Whenever I do a wedding, I sit down with a couple 3 or 4 times — in preparation not just for the wedding day, but even more, the wedded life. Over the years, I have probably married 20 or 30 couples — which has given me 20 or 30 opportunities to help couples walk through the joys and struggles, the challenges and the opportunities of marriage.

But here’s the thing. I’m rarely happy with what we talk about. I am constantly tweaking what I do in those sessions, forever in search of a better way to prepare a couple to share a lifetime of love together. So, after a recent conversation with one of the engaged couples, I went home and immediately sat down and typed out what I want to do the next time I marry someone. This is now the format I want to use; this is the outline that will cover every important detail; these are the subjects that will give them every thing they need to know before saying “I do.”

Except, after I’ve written it down, I come to realize: this isn’t the perfect outline. I mean, why should it be? After all, it wasn’t “the perfect outline” the eight other times I revised it.

And why should I be surprised? For there is no perfect outline to prepare for marriage, just as there is no perfect marriage. There is no way to address every question, just as there is no way to anticipate every question that will arise over 40 or 50 or 60 years of marriage. Instead, I am learning that the most important thing I can do for couples about to step into the great unknown is help them to see that they are, in fact, stepping into The Great Unknown.  The one thing we can say about what marriage brings is that we don’t know what marriage will bring.

Well, there is one thing. The author and psychologist Brene Brown says that her pastor  believes there IS one thing he can tell couples that he counsels: This much I know: in marriage, you will hurt each other.

Sounds like a positive guy. I’m sure he’s swamped with marriage requests.

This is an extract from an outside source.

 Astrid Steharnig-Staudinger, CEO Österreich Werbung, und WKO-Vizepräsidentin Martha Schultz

But I think he’s on to something. And that something is the reality that the risk of relationship (be it marriage, family, close friendship, or even a church small group) is that we tend to hurt each other. And the closer the relationship, the easier it is to hurt each other.

Now, please note: I am NOT talking about physical or verbal abuse; I am not describing harm that must be held to account. I am speaking of the reality of the everyday hurt that is involved when we “do life” with someone.

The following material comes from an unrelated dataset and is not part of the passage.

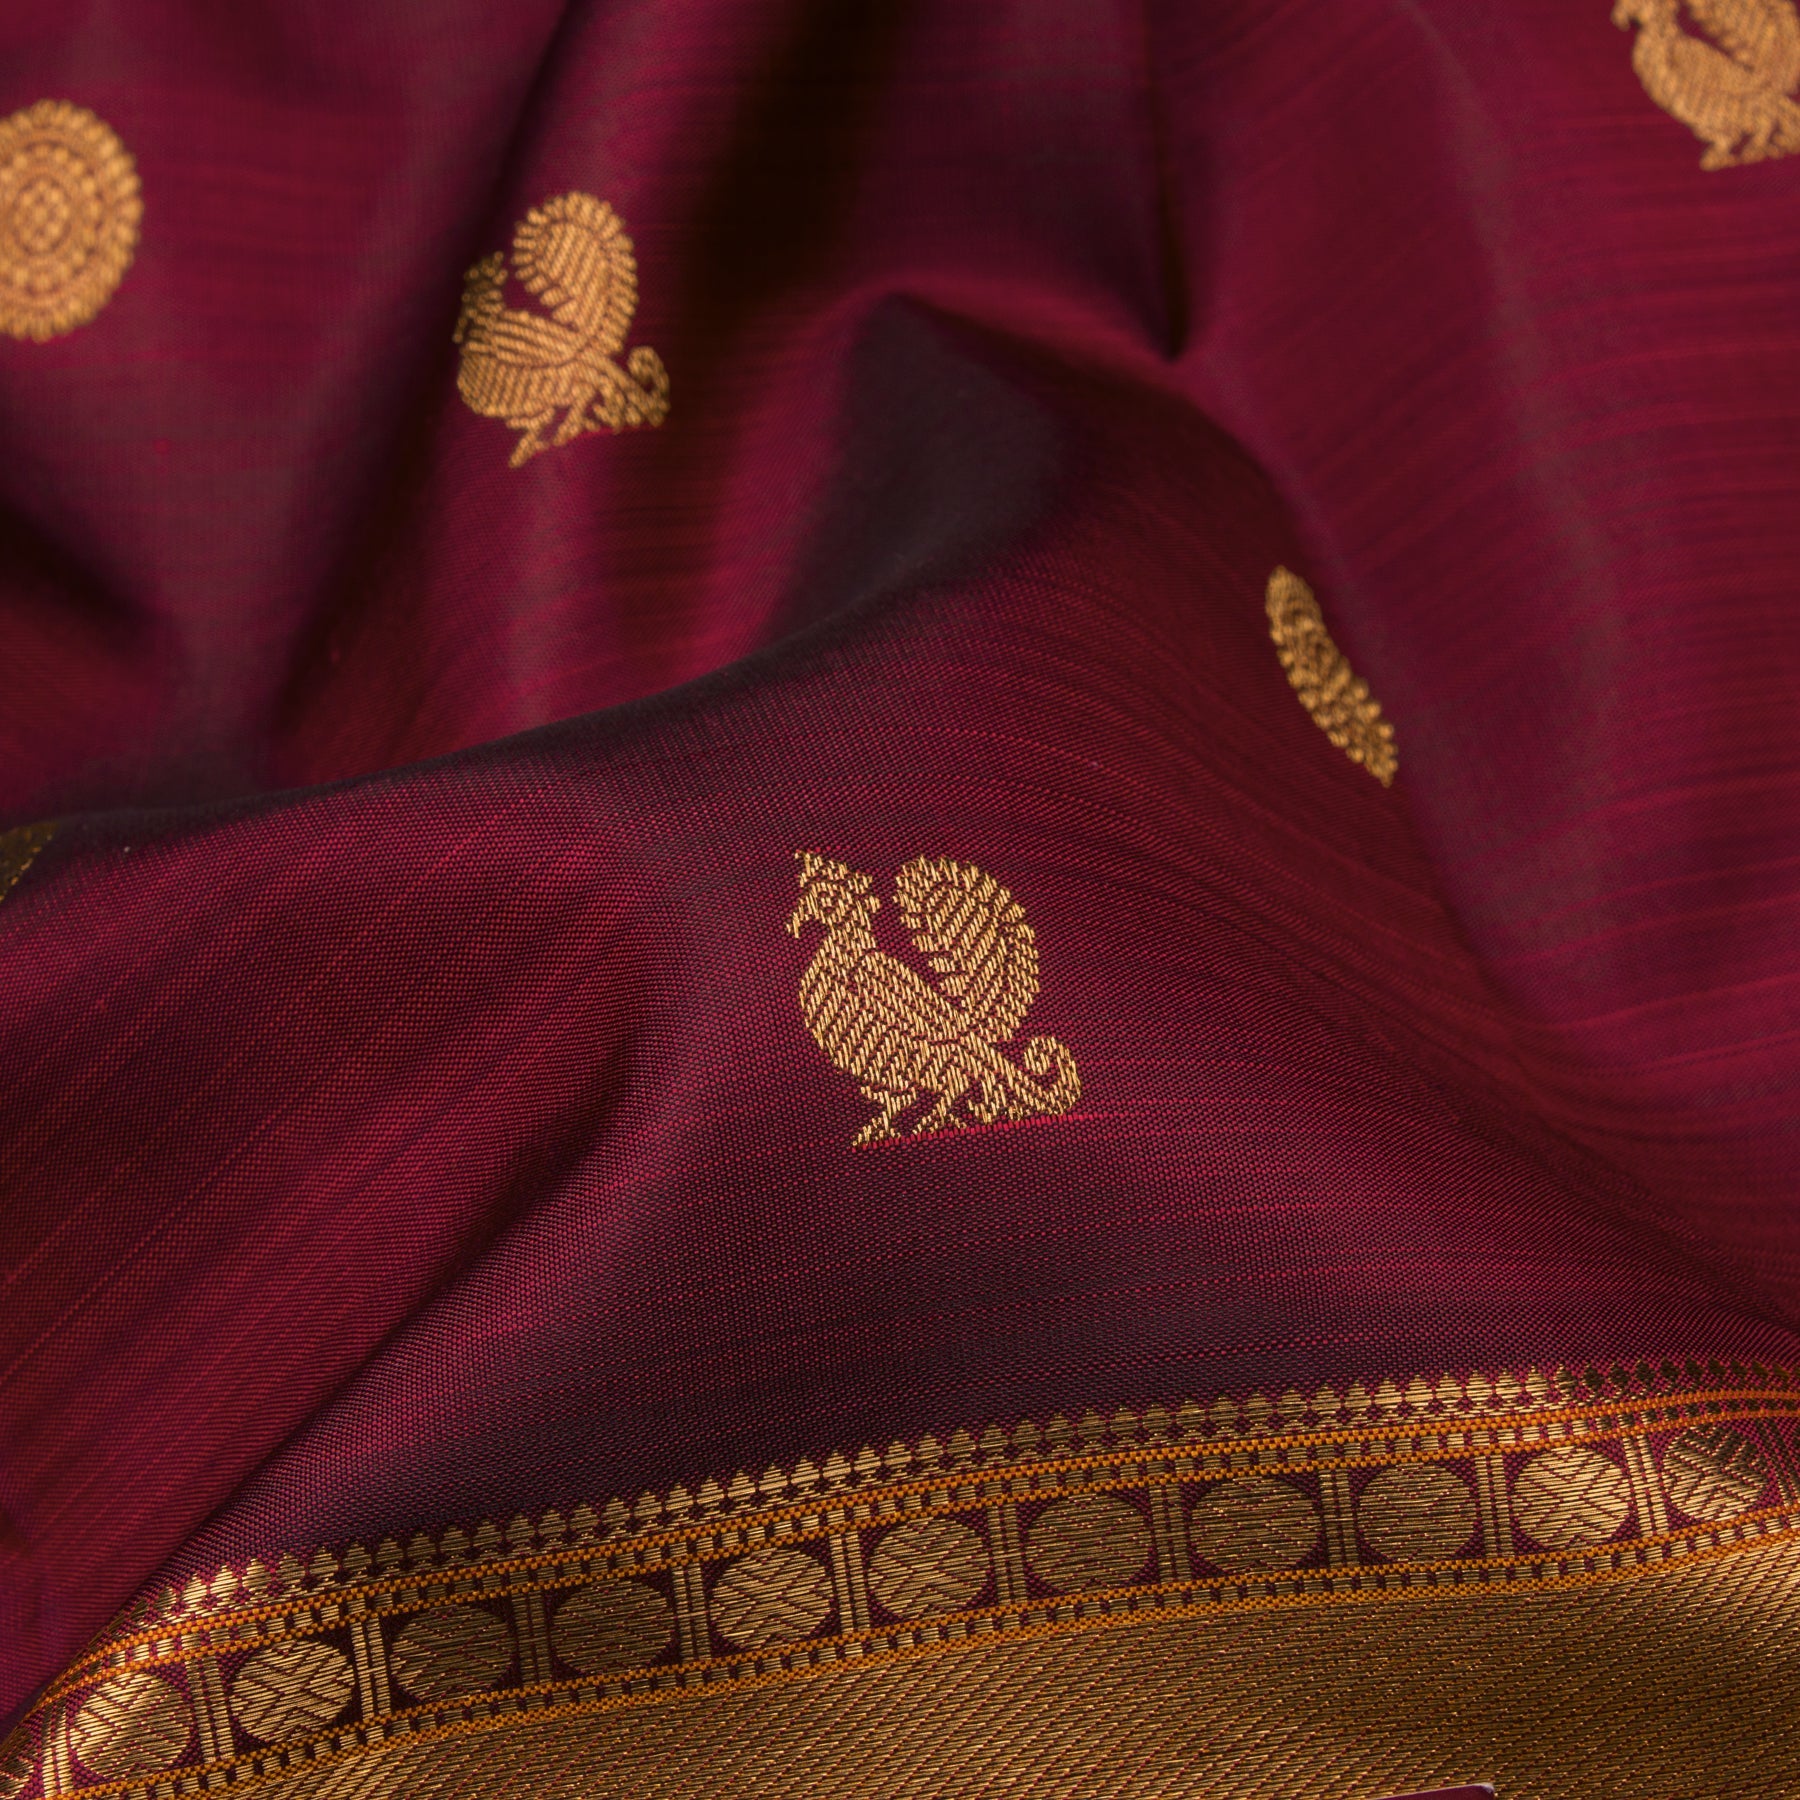 Kanakavalli Kanjivaram Silk Sari 22-110-HS001-07484 - Fabric View

Even so — even with the reality that marriage involves hurt feelings, hard conversations, and stretches of yawning apathy — why marry at all? For that matter: why get into close relationship with anyone? If hurt will result, why take the risk?

Well, in short, because that’s how we grow. We don’t grow in isolation. We don’t flourish by avoiding risk. In fact, not only do we mature despite the pain and problems that relationships bring, it’s in fact in the midst of the struggles that we grow.

And so, what I want to say to anyone who is dealing with the frustrations of relations (be it marriage or parenting, co-workers or close friends): Relationships are hard; it’s foolish to think otherwise. But through the challenges, we have the opportunity to grow. Through the hard work of learning to love imperfect people, we become more like our perfect Savior. Through the challenge of loving people through the difficult times — and being loved through our difficult times — we become more like Jesus.

Marriage isn’t the only way for this to happen, of course, but it is one way — one that, if married couples will let it, will shape them and mold them in ways that are both painful and powerful. So, even though I don’t have a magic formula, at the end of my conversations with couples getting married, I share these 10 principles — ten guidelines I believe that, if they spend a lifetime practicing, will help them grow (through the good times, and the bad):

  1. Commit to a life time of growing together.
  2. Be ready for it to be hard.
  3. Love like Jesus, trust in Jesus, depend on him to guide you.
  4. Work for unity.
  5. Find an older, mentor couple. (Or, for older couples: Be that mentor couple.)
  6. Laugh together.
  7. Pray together.
  8. Learn to listen well.
  9. Guard your marriage by guarding your heart.
  10. Love each other through life’s changes and challenges.